First off, a school like Texas, whose alumni fund more than a third of the nation’s largest ($127 million last year) athletic budget, would bring in another gusher as the state’s Big Ten loyalists bought ticket rights to their half of the Texas two-step. Even that would pale in comparison to a potential doubling of television/cable revenue.

There could be obvious economies of scale, so to speak, which would reduce expenses. For example, the football team could probably share the same stadium, practice facility, weight room and such.

Dualism at Texas would pacify the purists who want to annually thump Oklahoma and Nebraska, while attracting the wallets of hardcore Big Ten fanatics who want to see how a Texas squad would stack up against the rust belt’s best. That would play nicely with the new Big 12-Big Ten alignment for the Texas Bowl, and the fact that the Big Ten has sent member teams to post-season football games in Texas every year since 1995.
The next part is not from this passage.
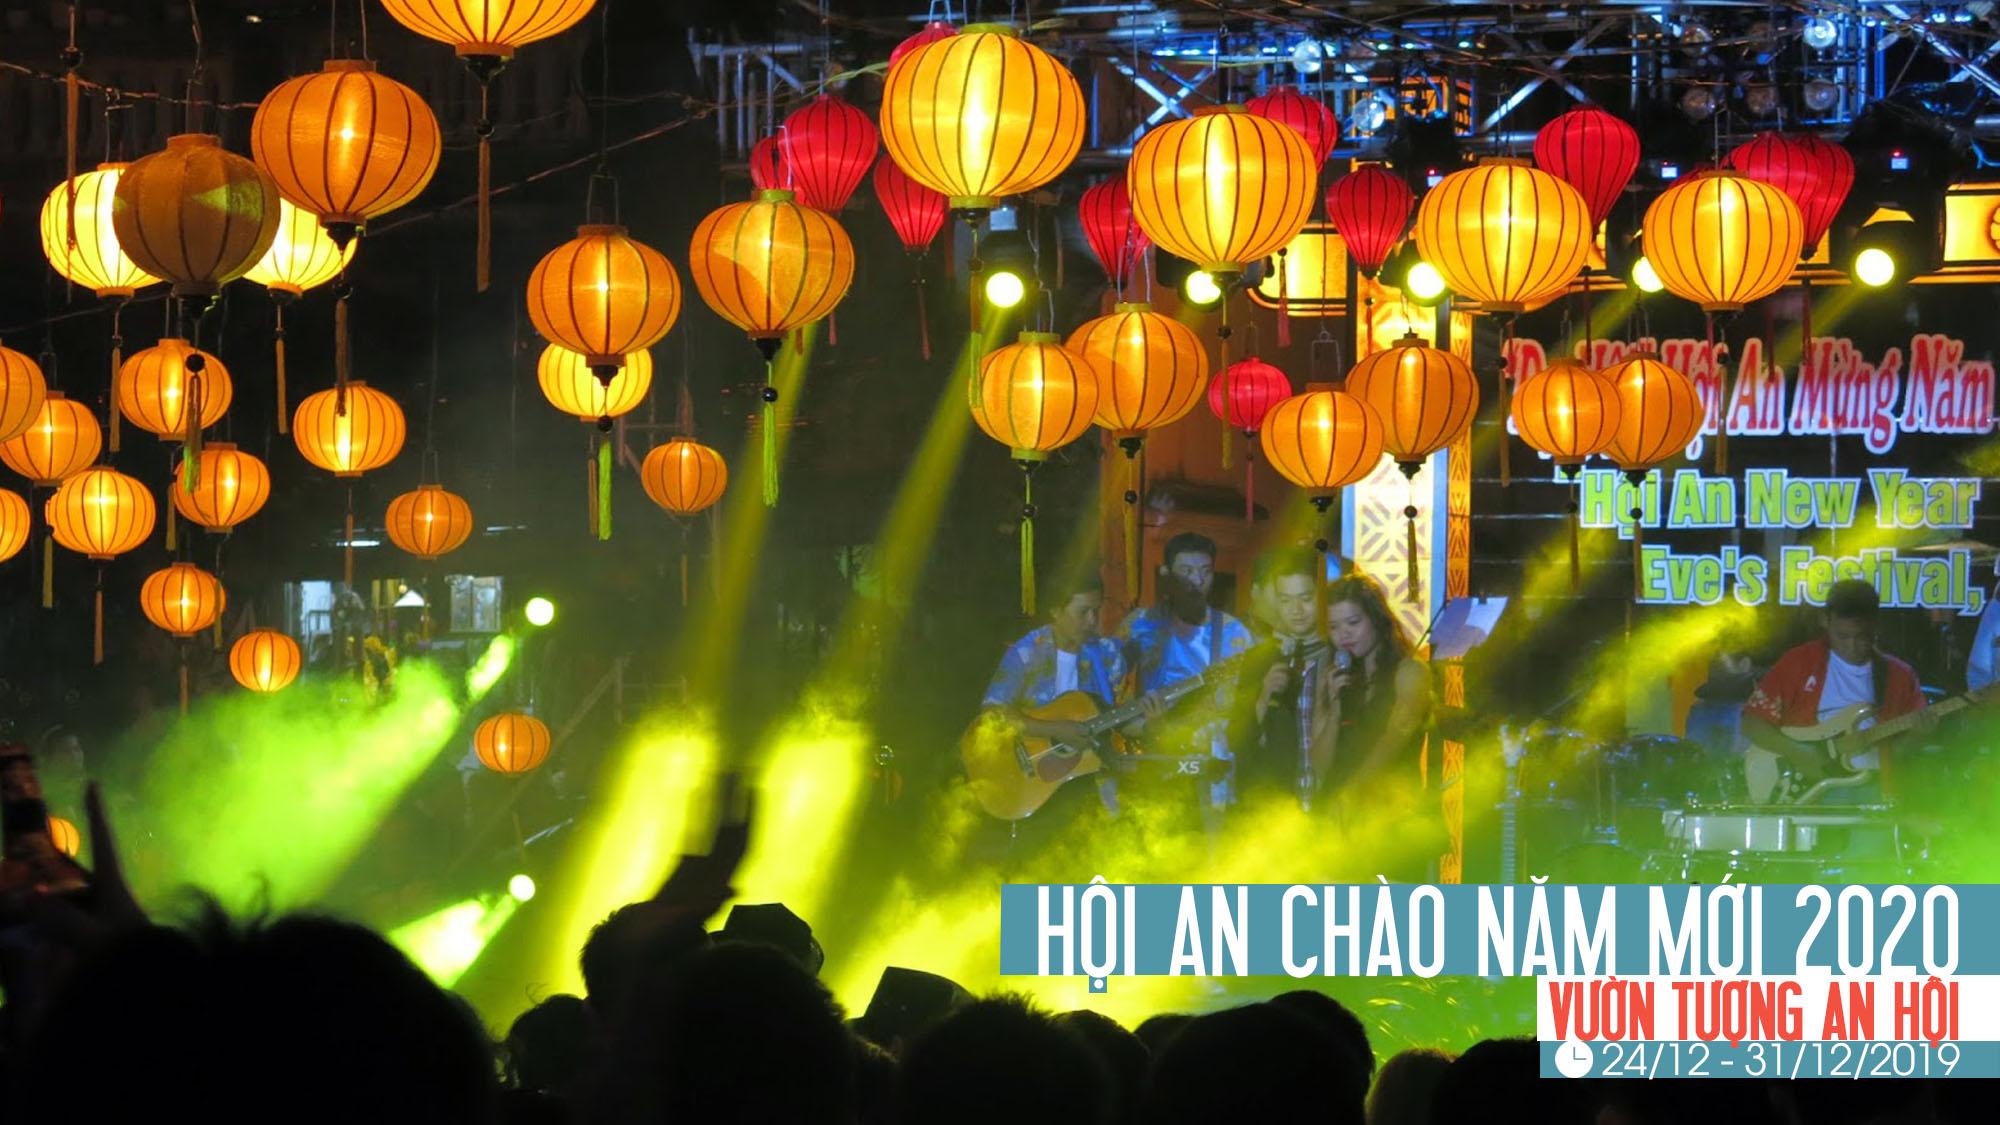 Hoi An Chao Nam Moi 2020

The additional 63 football scholarships for a second team would keep more of the state’s best players at home and attract more from the rest of the nation.
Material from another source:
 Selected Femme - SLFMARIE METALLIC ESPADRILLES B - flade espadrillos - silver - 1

The biggest drawbacks: Finding a name and mascot for the additional squad.

Yes, there would have to be separate coaching staffs. But the upside is that if you can afford to pay a coach $5 million, you can afford to pay two coaches $10 million. The best and brightest BCS subdivision professionals would be beating a trail to Austin, a factor in ensuring that both squads are among Top 10 gridiron programs.

Texans not only have big wallets. They have big hearts. Perhaps financial arrangements could be made to justify transportation costs for poorer schools in such a far-flung league.

Eventually others might see the potential. Ohio State, second only to Texas in football revenue, could field Scarlet and Gray squads. Penn State could do the same.

Viola! There are your thirteenth and fourteenth Big Ten teams.